In 2001 Supraśl was recognized as a spa town.

Ecclesiastical History 
 On 6 March 1798 was established the Ruthenian Catholic Eparchy (Eastern Catholic Diocese) of Supraśl / Supraslien(sis) Ruthenorum (Latin adjective), on presently Polish territory not previously served by that particular church sui iuris (Byzantine Rite in Ruthenian language). Pope Pius VI's papal bulla Susceptam a Nobis di papa, thus canonically executed its erection, which was devised by the Prussian kingdom (Fredrick William II) in January 1797 for the parts of the Eparchy of Brėst and Archeparchy of Kiev that became Prussian in the Third partition of Poland. The Pope made it exempt, i.e. directly subject to the Holy See, not part of any ecclesiastical province, and installed a cathedral chapter comprising a provost and four canons.
 It was suppressed on 1809.02.14, without Catholic successor, by imperial edict of the Czar Alexander I of Russia, annexing it to the Eparchy of Brest, after the Convention of Bartenstein (April 1807) and Peace of Tilsit (July 1807) transferred its territory from Prussia to the Russian empire.
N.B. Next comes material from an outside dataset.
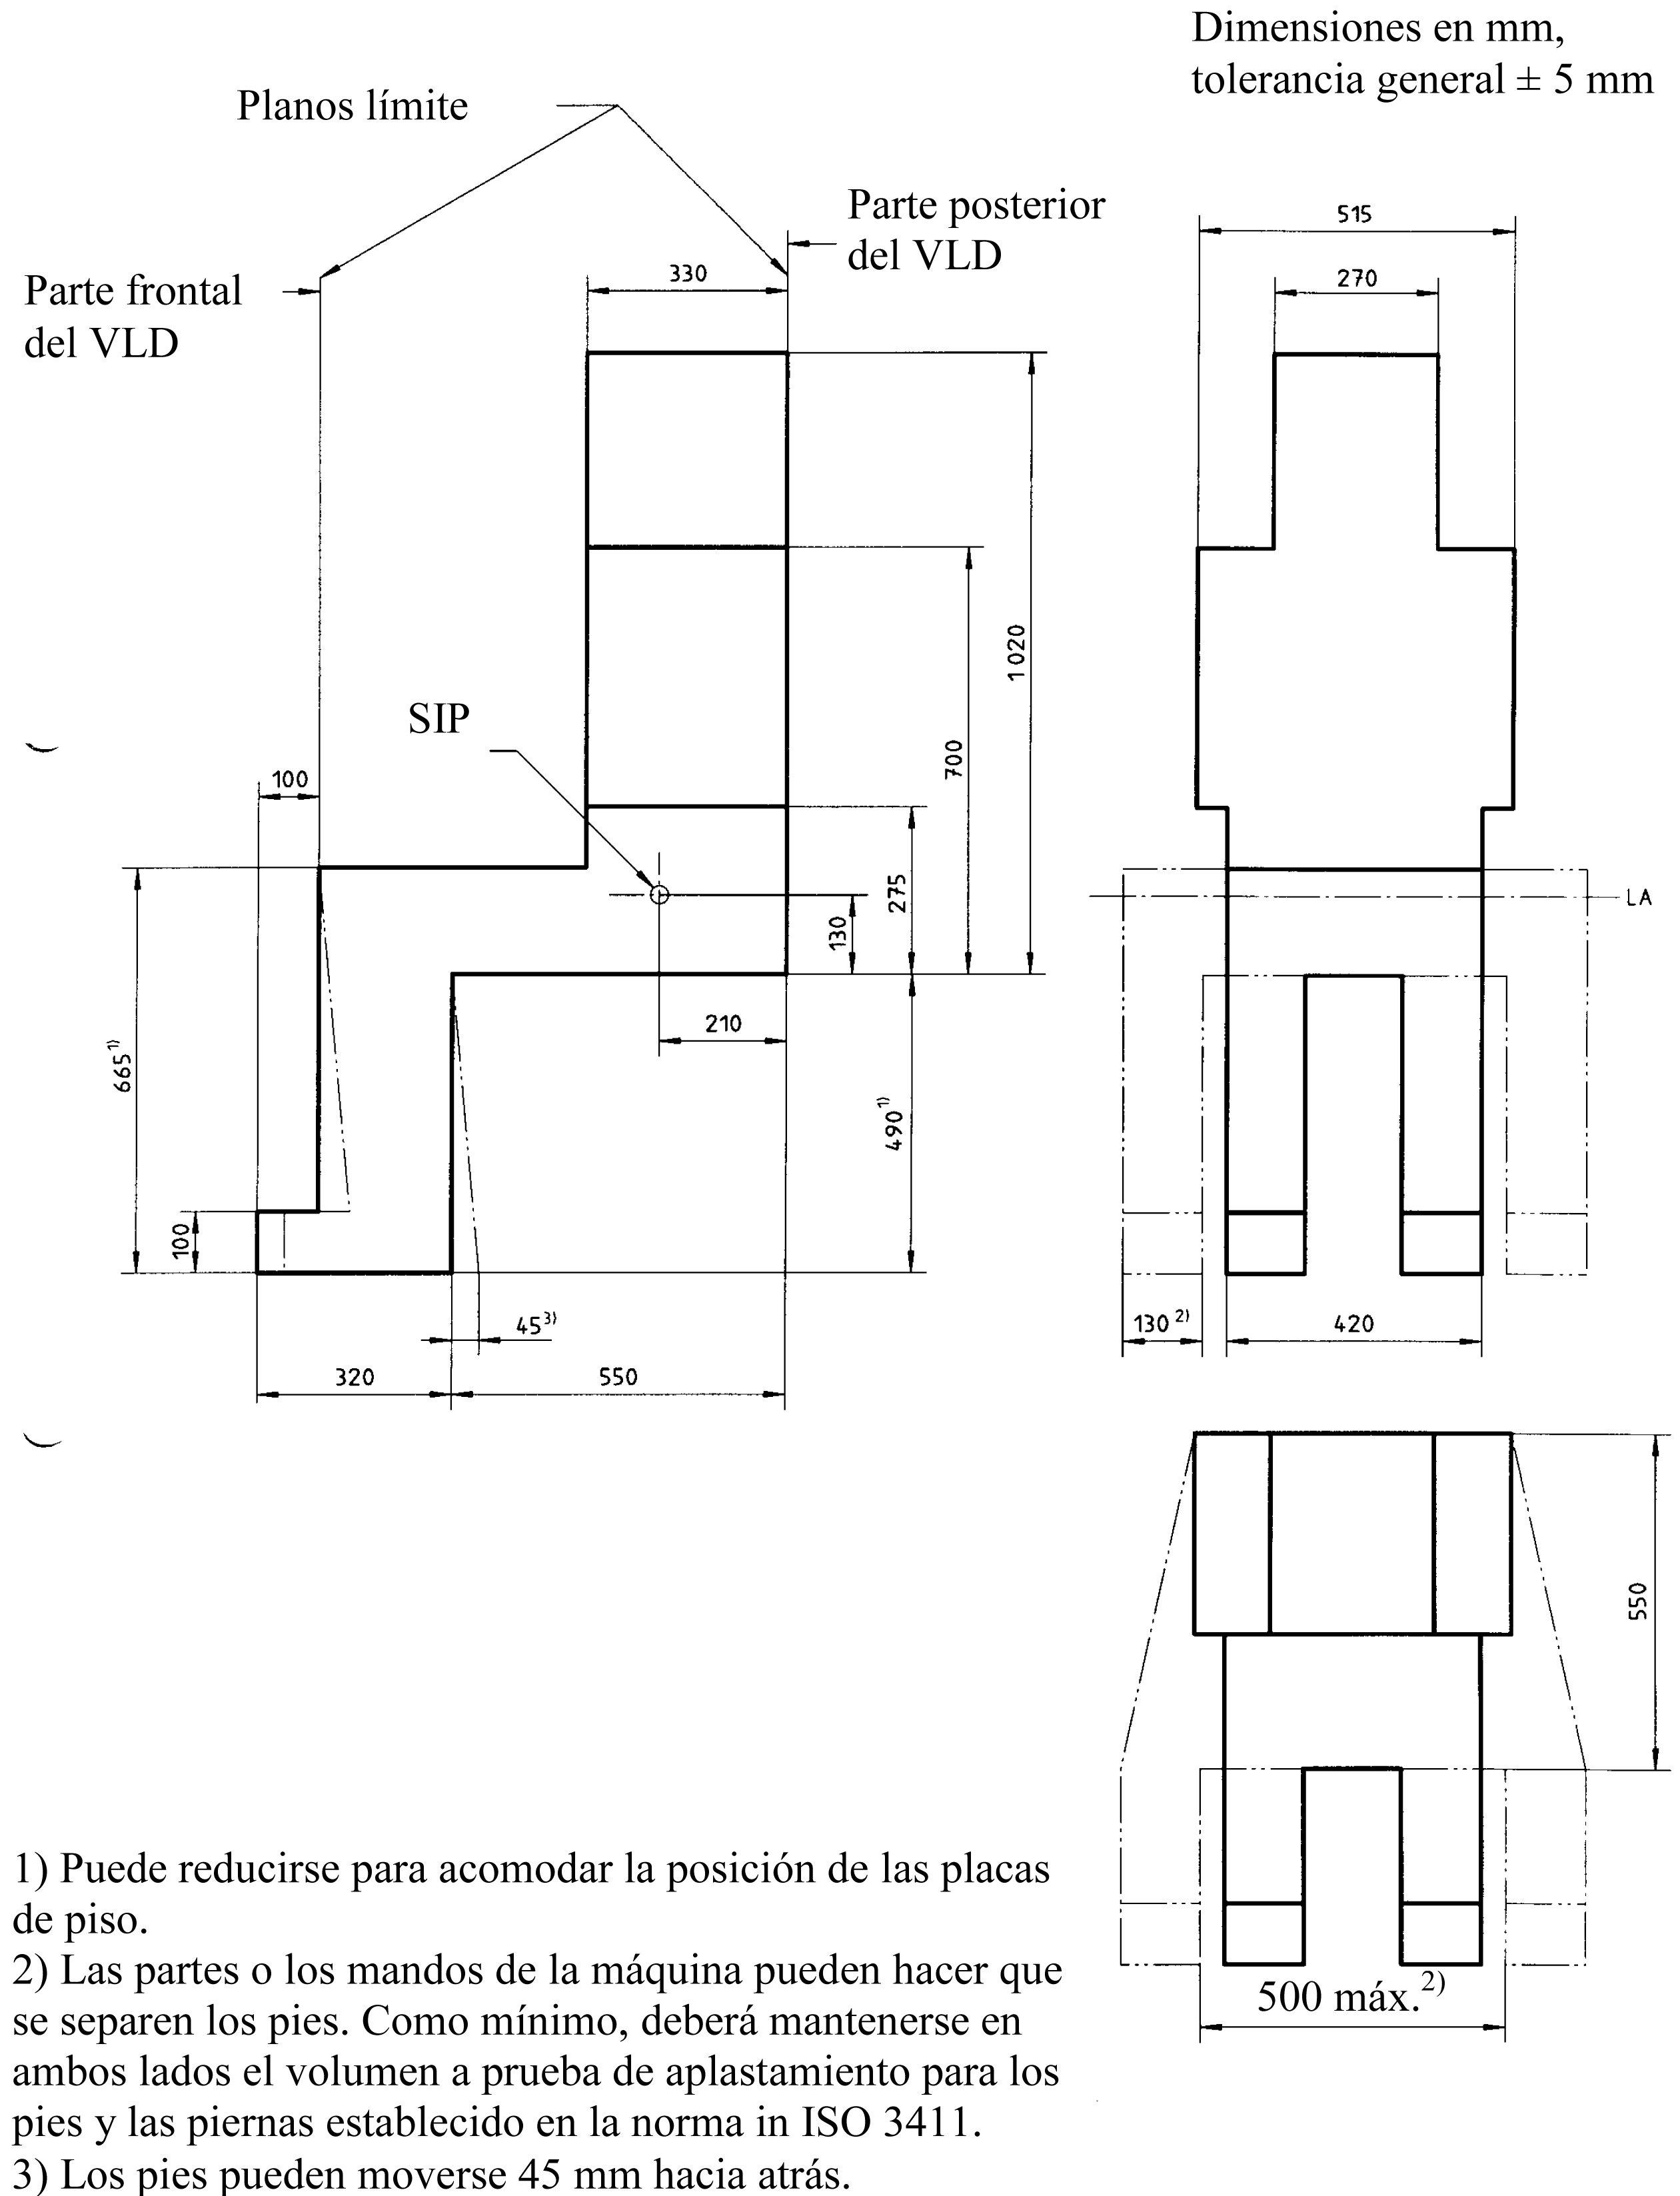 EUR-Lex - 02014R1322-20161014 - EN - EUR-Lex

It has had only three incumbents :
Exempt Eparch (Bishops) of Supraśl of the Ruthenians
 Theodosius Wislocki, Basilian Order of Saint Josaphat (O.S.B.M.) (1797 – death 1801.05.18)
 Nicholas Duchnowski (1803.05.16 – death 1805.06.25) Bishop-elect Father Leo Jaworowski (1807 – 1809 not possessed lacking confirmation by Rome), next Auxiliary bishop of Eparch Jozafat Bułhak in Brest and titular bishop of Volodymyr.

Supraśl is also a titular bishopric of the Polish Orthodox Church.

Culture and heritage 
It is the home of the Supraśl Lavra, founded by Aleksander Chodkiewicz, one of six Eastern Orthodox monasteries for men in Poland. The Codex of Supraśl, the oldest Slavic literary work in Poland and one of the oldest of its kind in the world, is named after the Supraśl Lavra. Since September 2007 it has been on UNESCO's Memory of the World list. The Museum of Icons is located in the Chodkiewicz Palace within the monastery complex.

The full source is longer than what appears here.